The military tally is far below those of outside groups. Monitoring group Airwars, for example, estimates that 3,164 civilians have been killed by coalition air strikes. Reports from Mosul, Iraq, last month detailed one strike in which at least 150 civilians were killed.

“We regret the unintentional loss of civilian lives … and express our deepest sympathies to the families and others affected by these strikes,” the Pentagon said in a statement.

“All feasible precautions were taken,” the statement said, but strikes resulted in “unintentional” loss of civilian life.

The Combined Joint Task Force, in its monthly assessment of civilian casualties from the US-led coalition’s operations against Isis, said it was still assessing 42 reports of civilian deaths.

It added that 45 civilians were killed between November 2016 and March 2017. It reported 80 civilian deaths from August 2014 to the present that had not previously been announced.

The report included 26 deaths from three strikes in March, mostly in and around Mosul, where fighting continues and a US service member was killed on Saturday.
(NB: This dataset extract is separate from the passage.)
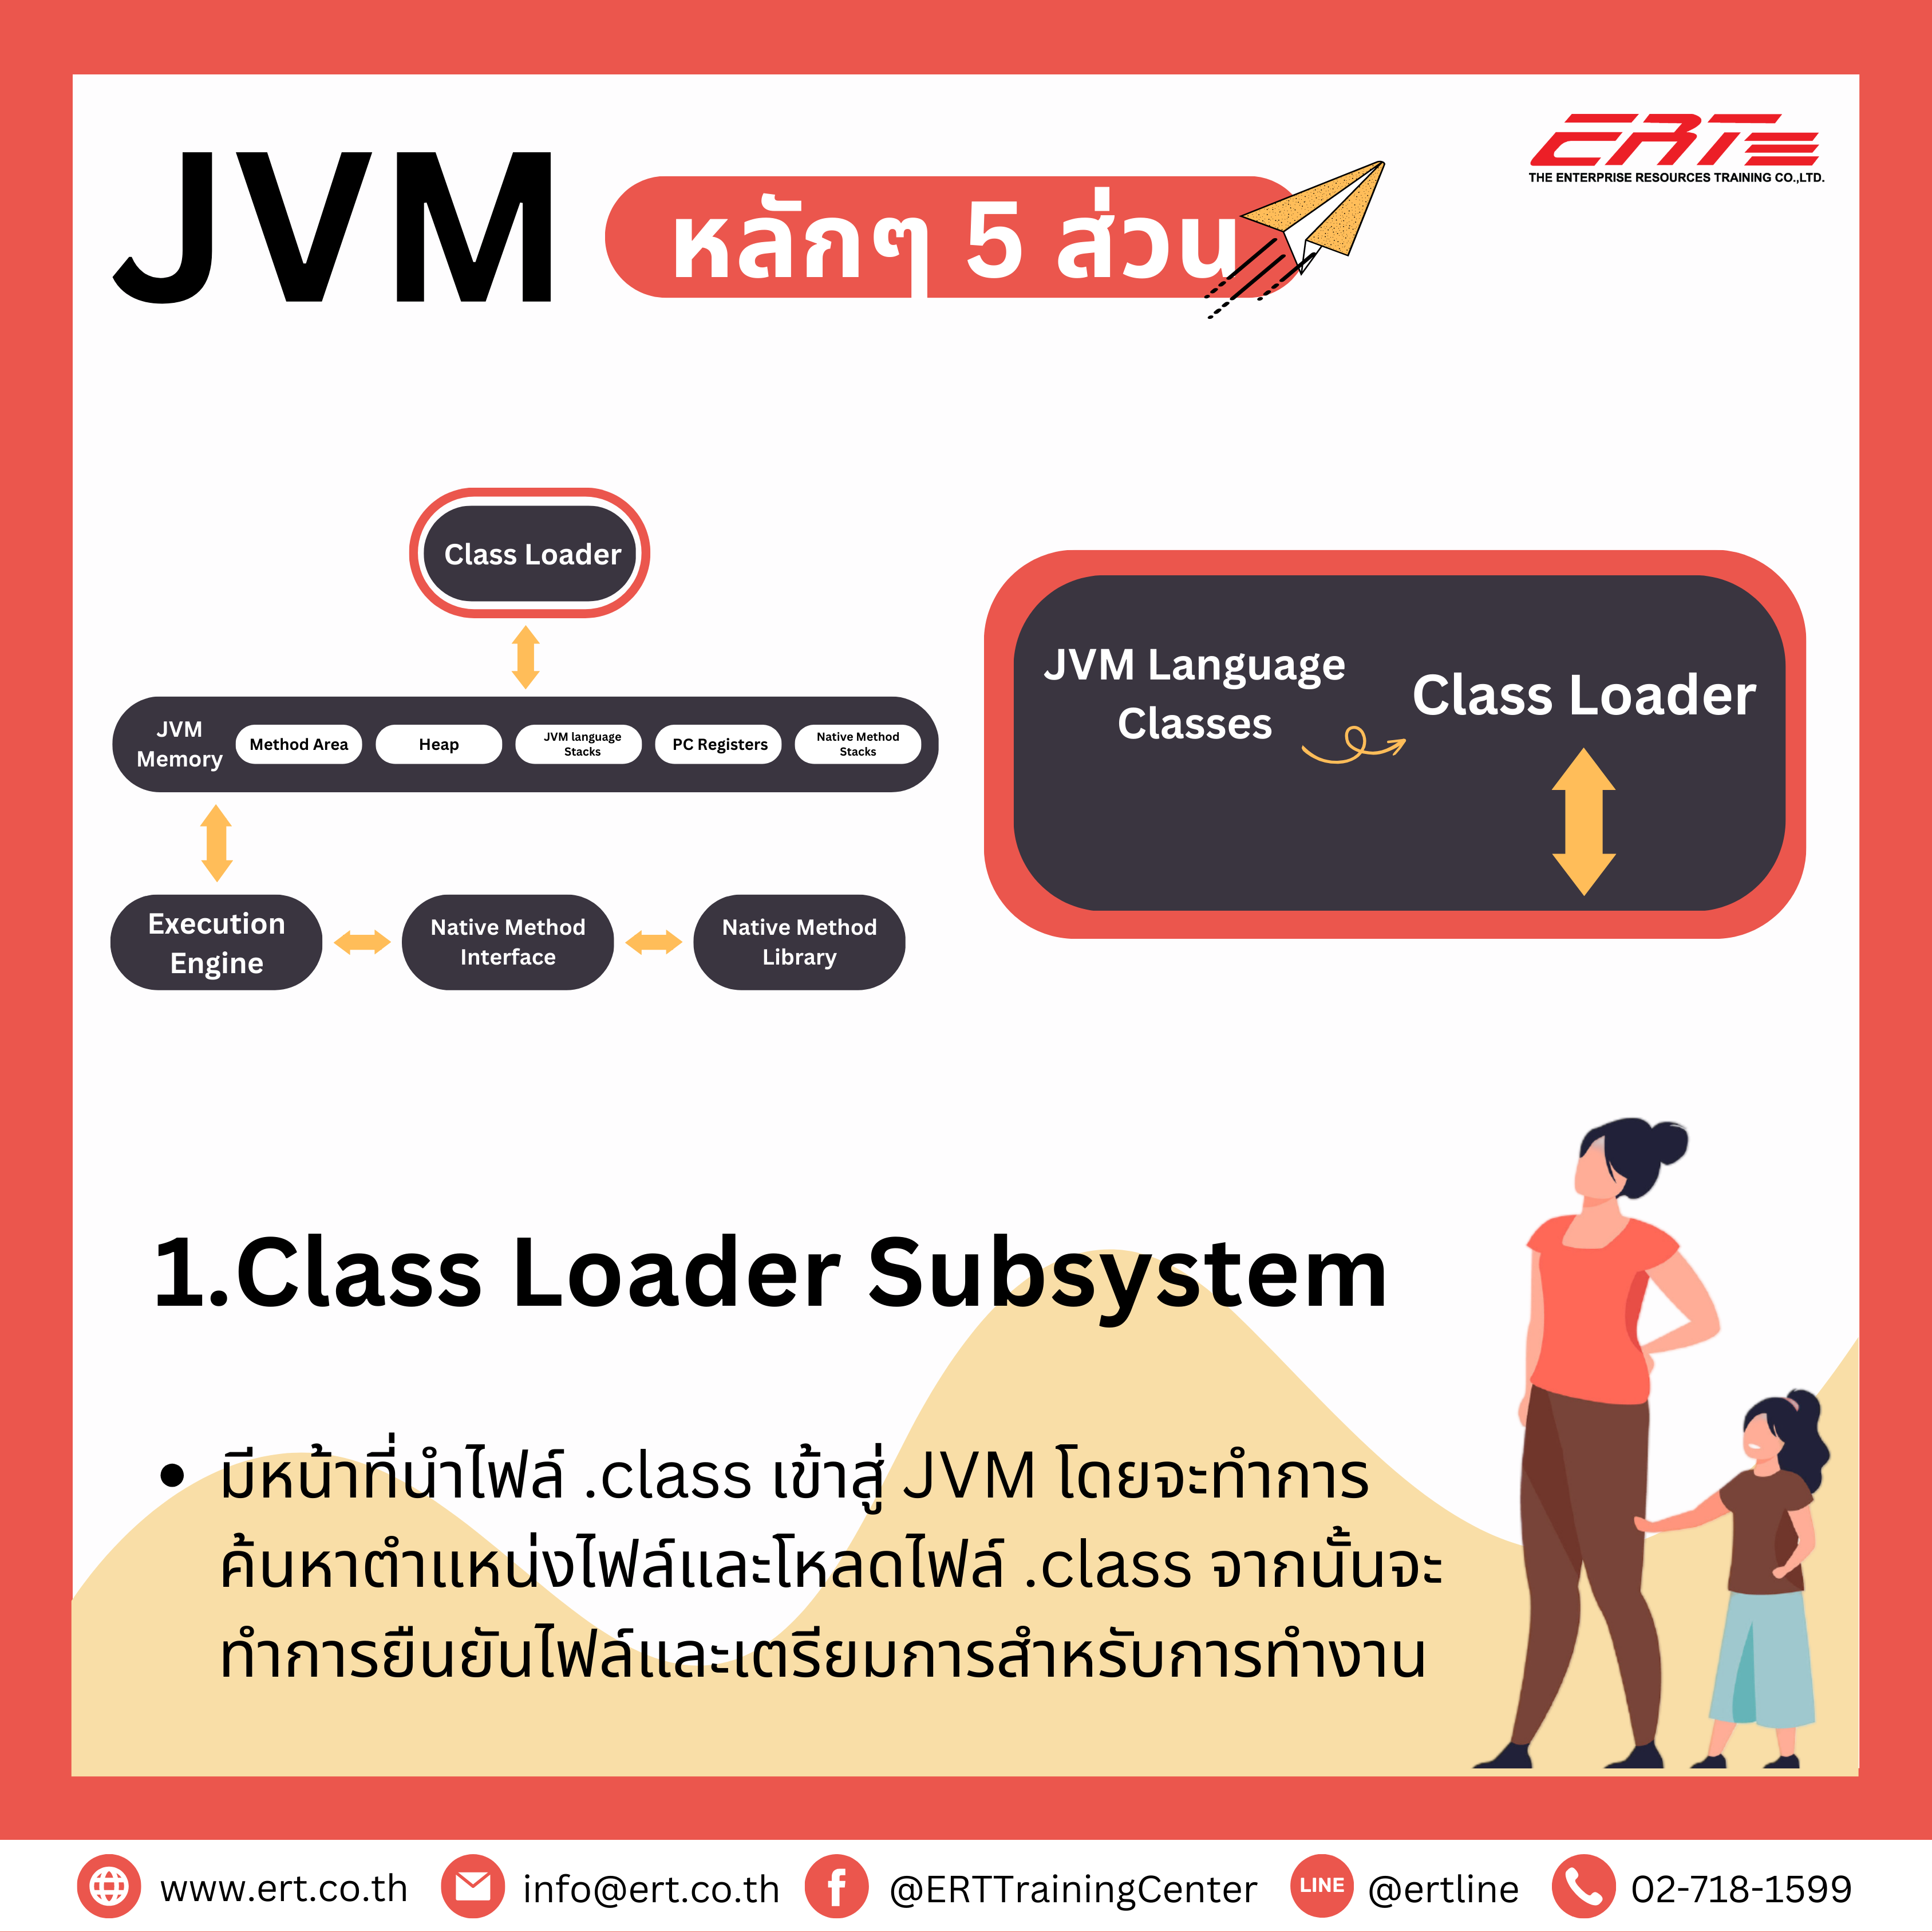 JVM คืออะไร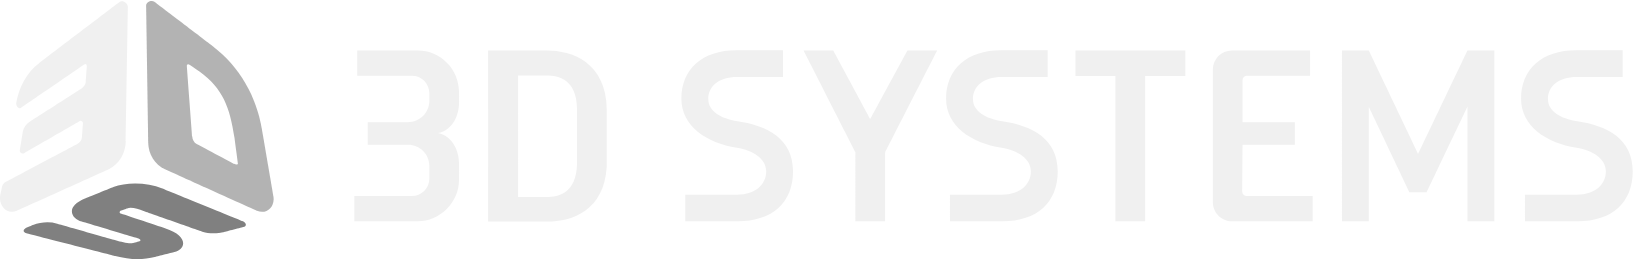 3D Systems logo large for dark backgrounds (transparent PNG)

Included in Sunday’s tally were 14 civilians killed by a strike in March that set off a secondary explosion, as well as 10 civilians who were killed in a strike on Isis headquarters the same month.

In Yemen, meanwhile, tribal and security officials said on Sunday a suspected US airstrike had killed four al-Qaida operatives.

The officials, who spoke on condition of anonymity because they were not authorized to brief the media, said the operatives killed in Marib, in the east of the country, were driving a car when an unmanned aircraft targeted their vehicle.

The airstrike came less than a day after a similar strike killed three al-Qaida members in the neighboring province of Shabwa.

Al-Qaida in the Arabian Peninsula, seen by Washington as among the most dangerous branches of the global terror network, has exploited the chaos of Yemen’s civil war, seizing territory in the south and east.